Antiarrhythmics Flashcards
Atrial Fibrillation (common mechanism)
- disorganized “functional” reentry
- continual AV node stimulation –> irregular, often rapid ventricular rate
Atrial Fibrillation (acute therapy)
- control ventricular response: AV nodal block (adenosine, Ca++ channel block, beta-blockers)
- restore sinus rhythm: DC cardioversion
Atrial Fibrillation (chronic therapy)
- control ventricular response: AV nodal block
2. maintain normal rhythm (amiodarone, dronedarone, dofetilide, flecainide, propafenone, sotalol)

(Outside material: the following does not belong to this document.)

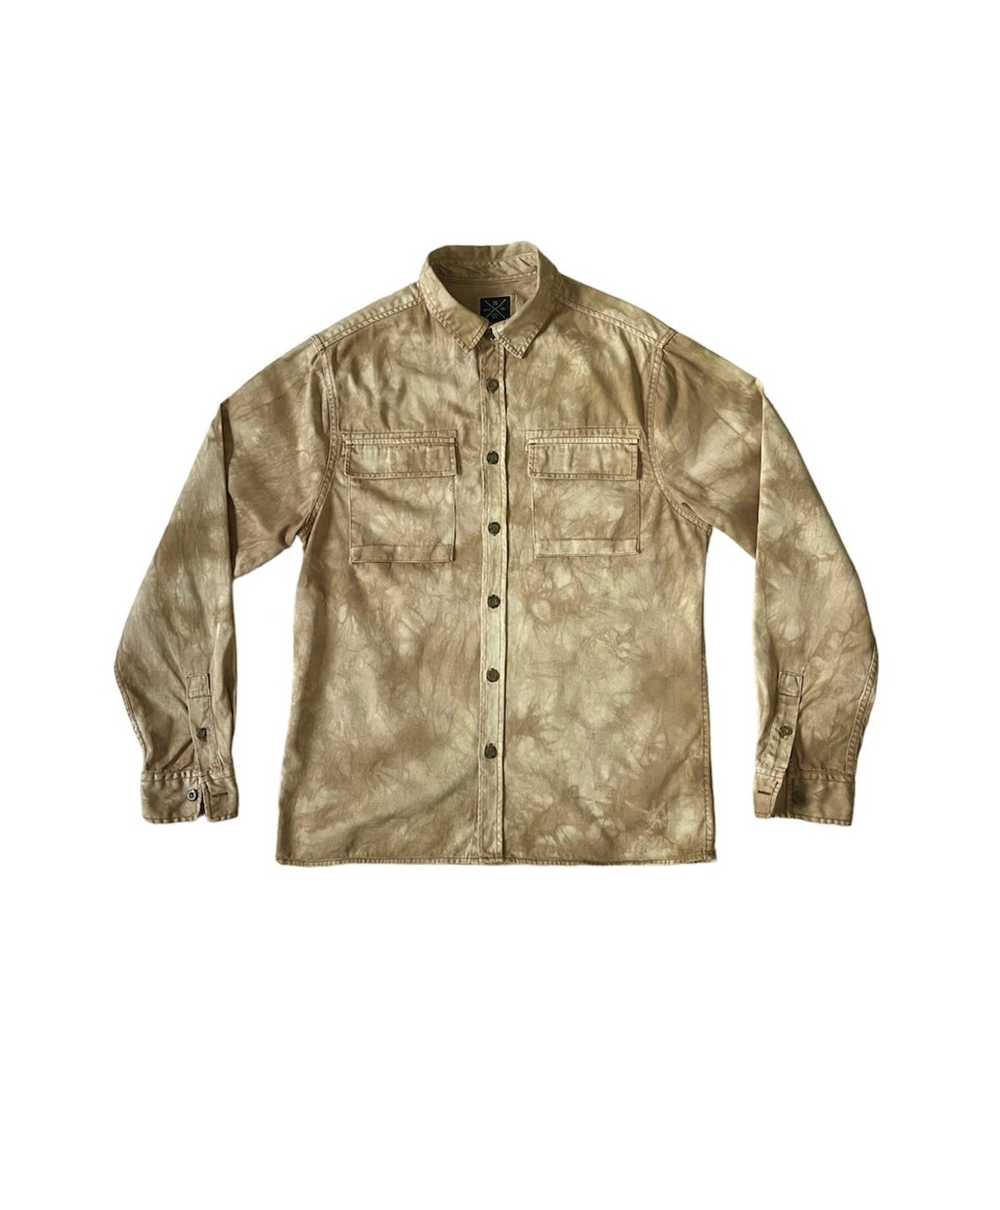 Rare × Streetwear Acid Wash Men’s Button Up Shirt - image 2

Atrial Flutter (common mechanism)
- stable reentrant circuit in the right atrium
- continual AV node stimulation and irregular, often rapid, ventricular rate
- ventricular rate often rapid and irregular
Atrial Flutter (acute therapy)
-same as atrial fibrillation
Atrial Flutter (chronic therapy)
-ablation
Atrial Tachycardia (common mechanism)
-enhanced automaticity, DAD-related automaticity, or reentry within the atrium
Atrial Tachycardia (acute therapy)
-AV node block until ablation can be performed
Atrial Tachycardia (chronic therapy)
-ablation
AV nodal reentrant tachycardia (PSVT) (common mechanism)
-reentrant circuit within or near AV node
AV nodal reentrant tachycardia (acute therapy)
- adenosine
- AV nodal block
AV nodal reentrant tachycardia (chronic therapy)
- AV nodal block
- ablation
VT in patients with remote myocardial infarction (common mechanism)
-reentry near the healed myocardial infarction
VT in patients with remote MI (acute therapy)
- lidocaine
- procainamide
- DC cardioversion
VT in patients with remote MI (chronic therapy)
- ICD
- Amiodarone
- K+ channel block
VT in patients without structural heart disease (mechanism)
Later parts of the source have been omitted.